Utah Highway Patrol troopers had blocked off part of a remote Millard County highway Wednesday so owners of exotic sports cars could slam on the gas pedal and leave those 65 mph speed limit signs in the dust - report Mark Havnes and Lisa Rosetta in today's Salt Lake Tribune. Mercedes, Jaguars, Vipers, Porches and more were zipping along State Route 257 - all for charity - when the four-day Utah Fast Pass Road Rally took a dangerous turn. Provo resident Richard Losee lost control of his US$1.3 million Ferrari - which had been screaming along at close to 100 mph - and crashed 28 miles north of Milford in south-western Utah. Lt. Doug McCleve, a UHP spokesman, said Losee was flown to Utah Valley Regional Medical Center in Provo, where he was admitted with fractured bones.

The road rally, organized by Larry Miller's Miller Motorsports Park for the Honoring Heroes Foundation, raises money to help families of UHP troopers killed or injured in the line of duty. UHP clocks the drivers' speeds and gives them "speeding tickets," the "fines" from which go to charity. Drivers also fork over US$5,000 to participate.

Losee's 2003 Enzo Ferrari was torn to pieces in the crash. After veering off SR 257, it lost its transmission and V-12 engine and came to rest off the other side of the road. McCleve noted the Italian sports car - for safety reasons - is supposed to disintegrate in a high-speed crash. “The car did exactly what it was designed to do,” McCleve said. “Just the chassis and passenger compartment remained.” UHP Lt.
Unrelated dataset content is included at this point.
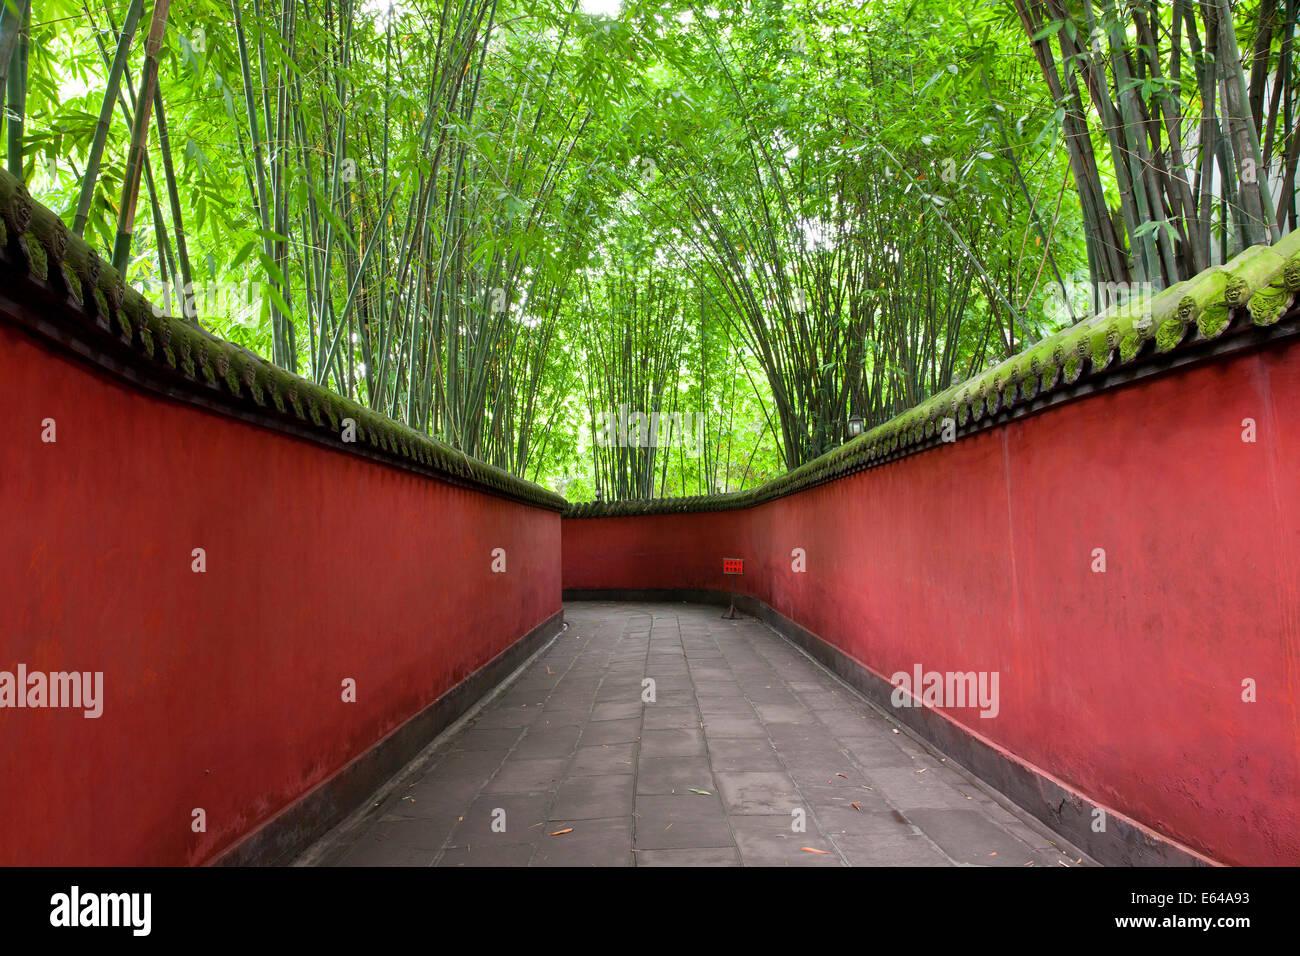 Pasarela de dosel con bambú, Wuhou Santuario de Chengdu, Sichuan, China Imagen De Stock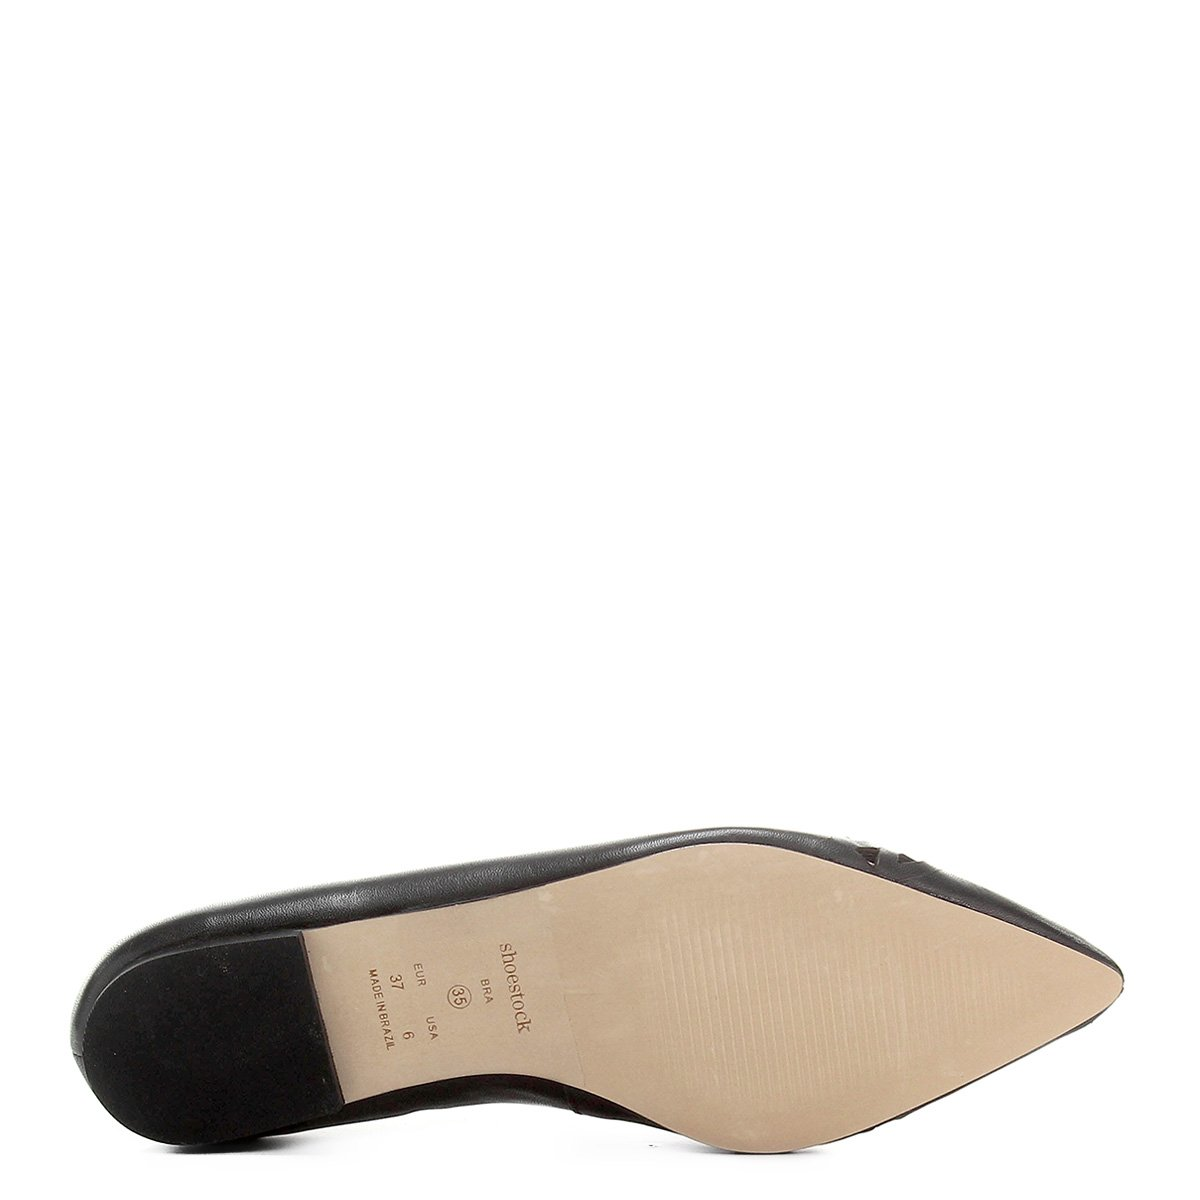 Lasercut Fino Couro Bico Couro Sapatilha Shoestock Sapatilha Preto Feminina Bico Shoestock 0T8Bnqx0

Douglas Rawlinson estimated the red Ferrari's worth at US$1.3 million.

McCleve said troopers shut down a twenty mile long strip of SR 257 for 20-minute intervals Wednesday between Delta and Milford to allow the drivers to have the road to themselves. Losee's Ferrari was the fourth or fifth car to drive that stretch. When it crashed, the rest of the cars were allowed to continue at the posted speed limit, Rawlinson said.


Crashed Ferrari on State Road 257, near Delta. The Utah Highway Patrol closed a 15 mile section of the highway as part of the four-day Utah Fast Pass charity event so those participating in the event could "open up" their cars. (Utah Highway Patrol).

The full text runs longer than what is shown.